We make this chain visible in our projects – and systematically stabilize it from within.
How a consistent real-time architecture emerges
The central question we ask in projects is: How do we create a system from this fragmented chain that truly functions in real time?
Our answer isn't a tool – it's an architectural principle:
Real-time must be considered holistically – from the vehicle to the API.

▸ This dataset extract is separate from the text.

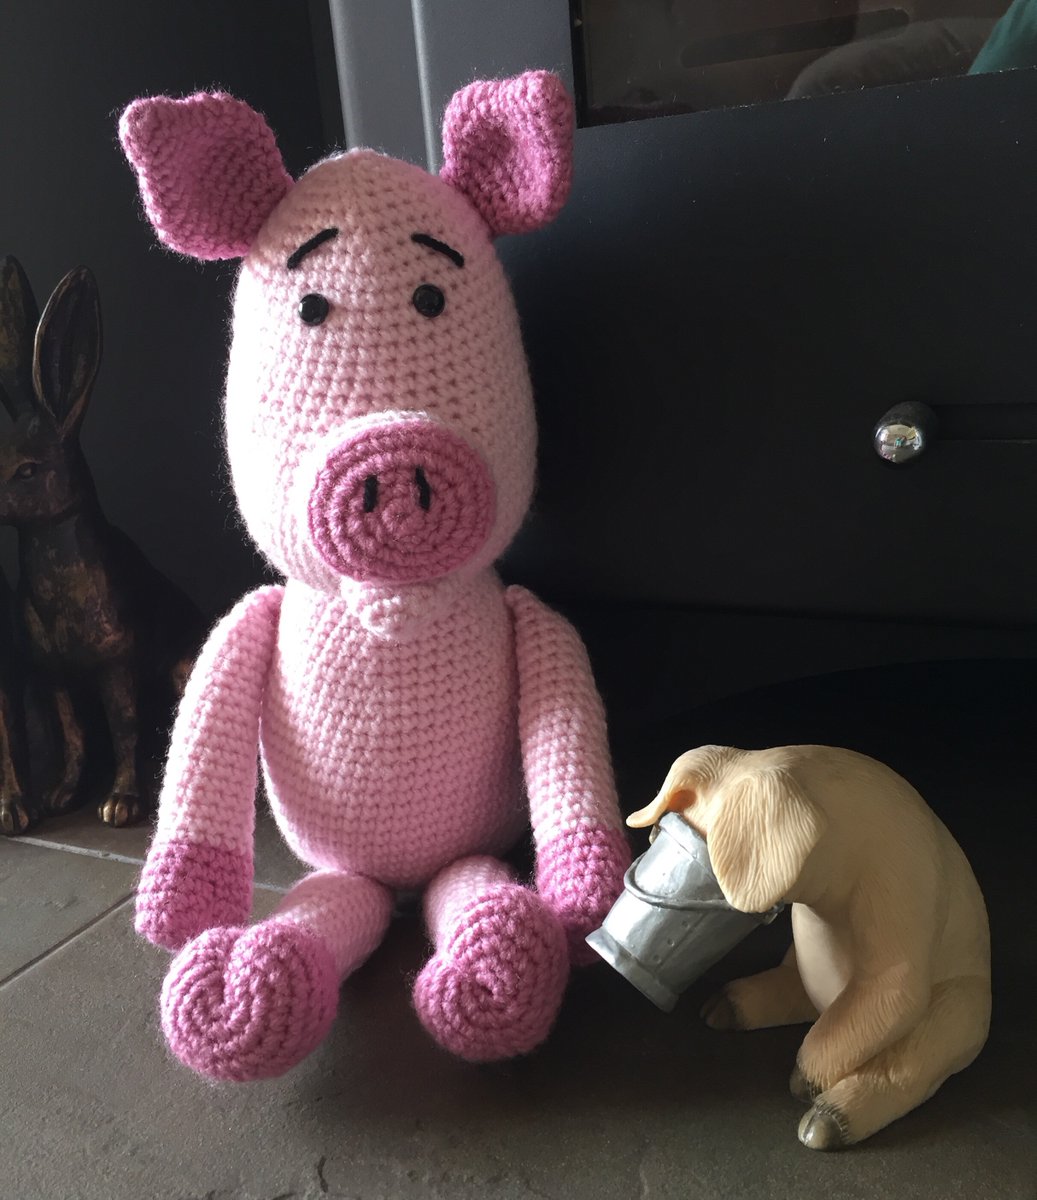 This little piggy is going to market & wants a home! Save his bacon! crwd.fr/2Jd9qny #ATSocialMedia #UKHashtags #firsttmaster #TweetUK #MHHSBD
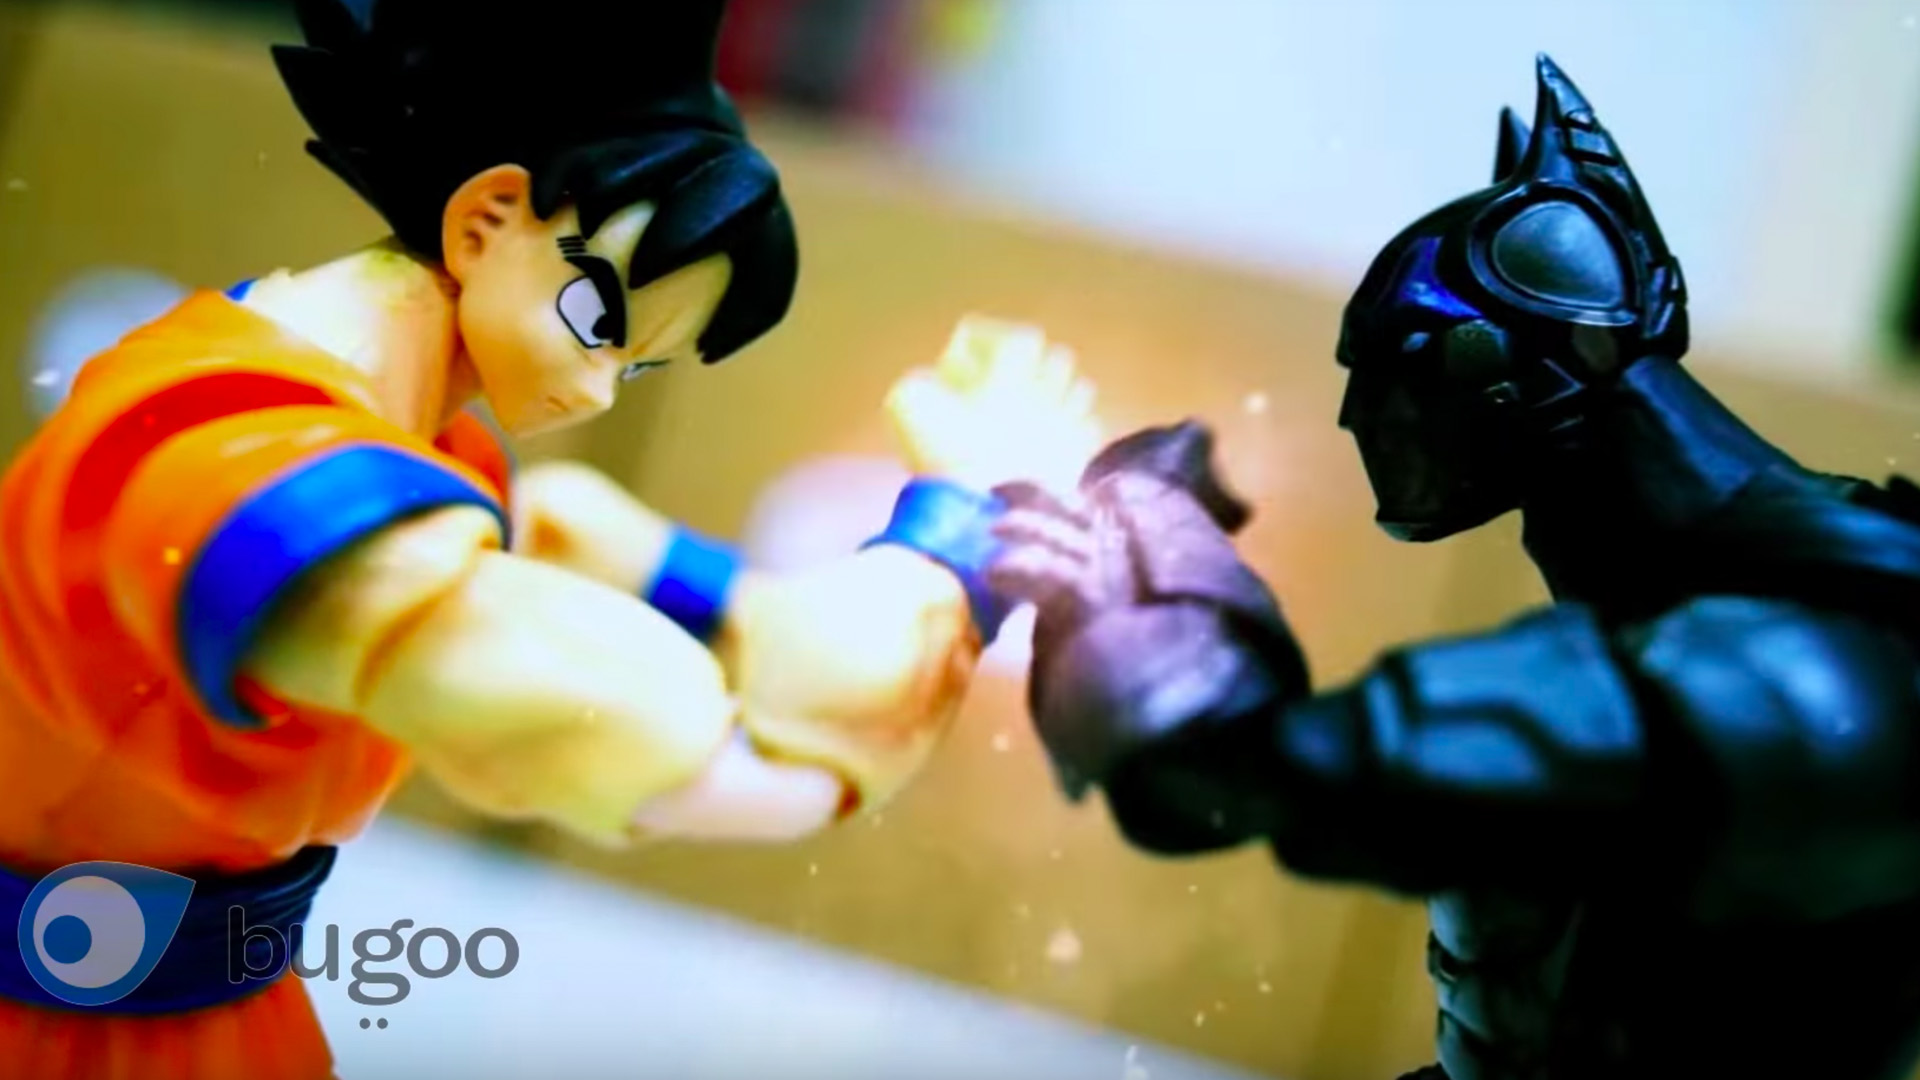 Goku Brawls With Android Batman in Fan-Made Stop-Motion Video — GeekTyrant

This is precisely the approach we pursue at PROTOS: a combination of edge intelligence and a consistently event-driven cloud architecture.
Stabilization begins in the vehicle even before transmission.
Data isn't simply passed on, but pre-processed: GPS, door, and timetable data are validated, normalized, and—if necessary—cached. This is crucial, especially with unstable connections, to prevent data loss.
In the cloud, a data stream becomes an event stream.
Instead of periodic processing, incoming information is continuously processed via streaming platforms like Kafka or MQTT. The key here is decoupling: producers and consumers no longer know each other directly—this makes the system more robust and scalable.
Forecasts are generated where they belong: in independent services.
Delays, turnarounds, or connection situations are no longer calculated in monolithic ITCS systems, but in specialized, event-driven microservices. Even manual interventions—such as trip cancellations or dispatching decisions—are treated as events and not as subsequent corrections.
From the outside, the complexity remains manageable.
Adapters convert the data into existing formats such as VDV or GTFS-RT. Clearly defined APIs are available for apps, displays, and third parties, optimized for different use cases.
And crucially, the entire chain becomes visible.
Continuous monitoring and targeted alerting ensure that problems are detected within the architecture itself, rather than only becoming apparent to passengers.
The difference to traditional approaches is fundamental:
Real-time performance is no longer achieved by simply forwarding data –
but rather by the targeted processing of events along a consistent architecture.
How this path looks in practice
The question we almost always get asked is: Does everything have to be rebuilt?
The short answer: No.
In practice, this transformation only works if it happens gradually – without jeopardizing ongoing operations. That's precisely why we at PROTOS rely on a pragmatic integration approach that incorporates existing systems instead of replacing them immediately.
The first step is transparency.
Existing vehicle fleets and ITCS systems are connected to a central streaming infrastructure – initially without interfering with existing processes. The data is mirrored and visualized under real-world conditions.
Building on this, a controlled parallel operation is established.
Existing systems remain in control, while new data flows, forecasts, and architectures are validated in so-called "shadow mode." This allows weaknesses to be identified without risk to operations.
In the next step, the focus shifts – from analysis to active use.
Streaming data is no longer just observed, but used specifically for forecasting, monitoring, and control. Bottlenecks – both technical and organizational – become visible and assessable.
Only then does the gradual migration of logic to the cloud take place.
Forecasting and decision-making logic is extracted from monolithic ITCS systems and transferred into scalable services. Existing platforms and interconnected systems remain integrated and are connected via adapters.
In the long term, this results not in a disruption, but in a controlled transformation.
Individual components are replaced without destabilizing the overall system.
This is precisely the crucial difference in our projects:
Success is not determined by the grand architectural design, but by the ability to transition existing systems to a new reality in a controlled manner.
We support our clients precisely during these transitions – from initial transparency to a stable target architecture.